# An endometrial tissue-based predictive model for polycystic ovary syndrome constructed from immuno-metabolic dysregulation features mediated by ACO1

**Authors:** Peng Yi, Yangbin Qi, Suqing Mao, Ying Cao, Yanru Zhou, Xianghong Fu

PMC · DOI: 10.1186/s13048-026-02036-7 · 2026-02-23

## TL;DR

This study identifies ACO1 as a key gene in PCOS-related immune and metabolic issues and builds a predictive model for early diagnosis using endometrial tissue data.

## Contribution

A novel endometrial tissue-based predictive model for PCOS using immunometabolic features, with ACO1 as a central biomarker.

## Key findings

- ACO1 is consistently downregulated in PCOS and linked to immune suppression and metabolic dysregulation.
- A random forest model using ACO1, CHPF, and STOML1 achieved strong predictive performance (AUC = 0.800).
- ACO1 connects iron metabolism, oxidative stress, and T cell activity, offering new therapeutic targets for PCOS.

## Abstract

Polycystic ovary syndrome (PCOS) is a multifactorial endocrine disorder characterized by reproductive and metabolic abnormalities. This study aimed to identify key immunometabolic regulators in endometrial tissue and construct a predictive model for PCOS using machine learning approaches.

Three endometrial transcriptomic datasets (GSE277906, GSE193123, GSE199225) were integrated and analyzed for differentially expressed genes (DEGs), immune cell infiltration, and metabolic pathway enrichment.
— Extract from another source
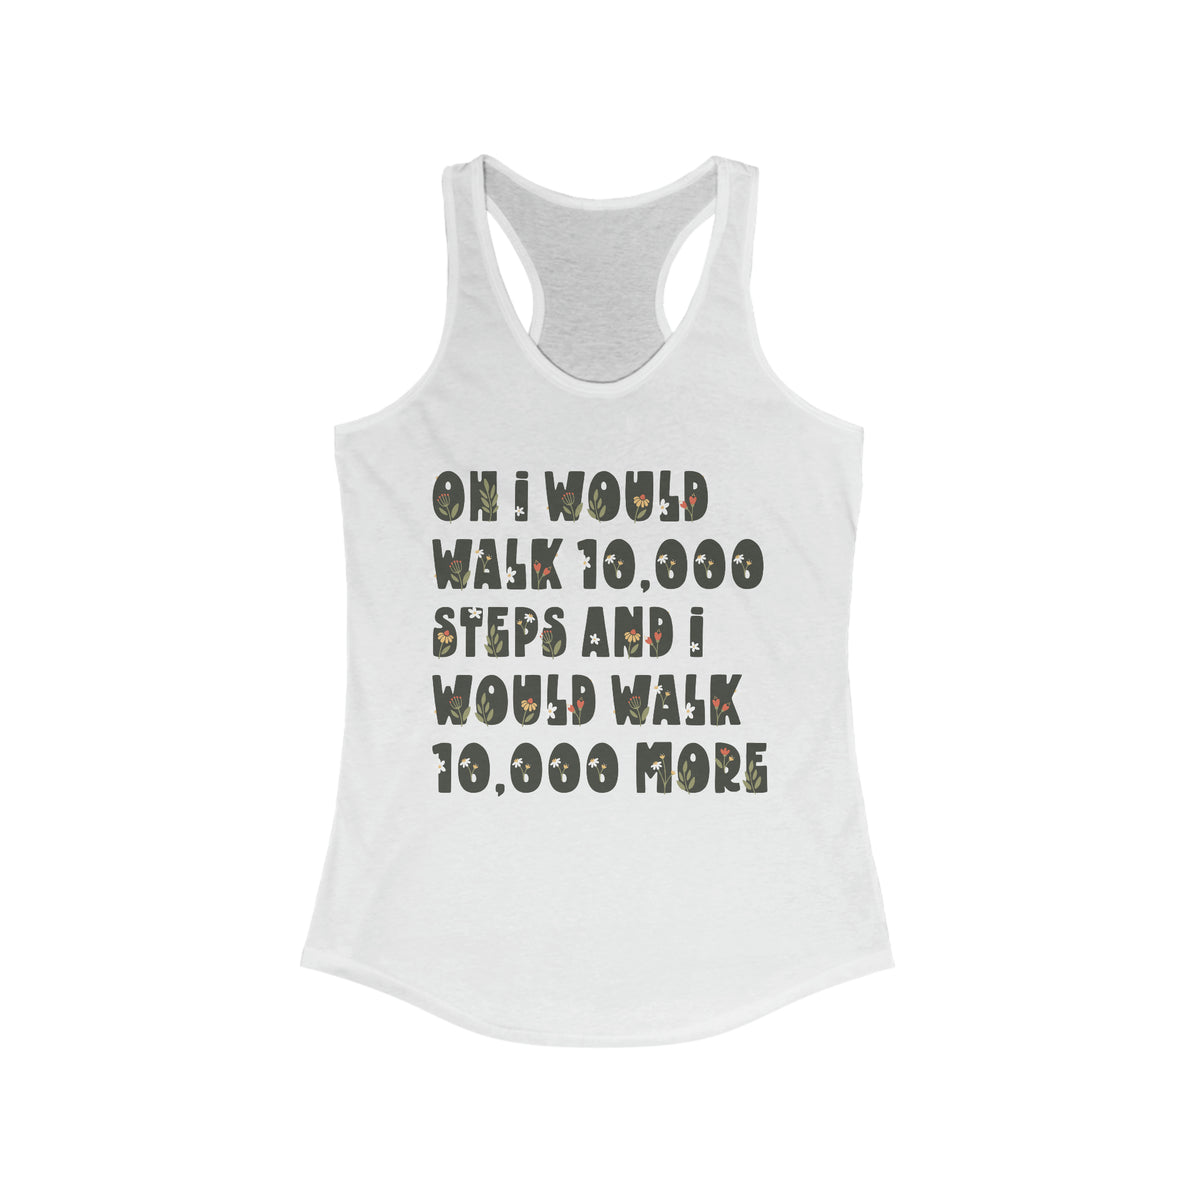 10,000 Steps Funny Fitness Tracker Shirt | Walking Workout Shirt | Gift For Her | Women's Slim-fit Racerback Tank Top

Core genes were identified via protein–protein interaction networks and functional annotation. A predictive model was developed using SVM-RFE, XGBoost, and random forest algorithms and validated through qRT-PCR on granulosa cell samples.

Five core metabolism-related genes were identified, among which ACO1 was consistently downregulated and negatively correlated with CD8⁺ T cell infiltration. High ACO1 expression was enriched in oxidative phosphorylation and mTOR signaling, while low expression was associated with immune activation. The random forest model incorporating ACO1, CHPF, and STOML1 achieved strong predictive performance (AUC = 0.800).

ACO1 may function as an immunometabolic modulator by linking iron metabolism, oxidative stress, and T cell activity. Its downregulation may contribute to local immune suppression and endometrial dysfunction in PCOS. The tissue-level model demonstrated good diagnostic value and biological interpretability across cohorts.

This study highlights ACO1 as a key biomarker of immunometabolic dysregulation in PCOS and presents a robust predictive model for early diagnosis. The findings offer new insights into the molecular mechanisms underlying PCOS and suggest potential targets for precision treatment.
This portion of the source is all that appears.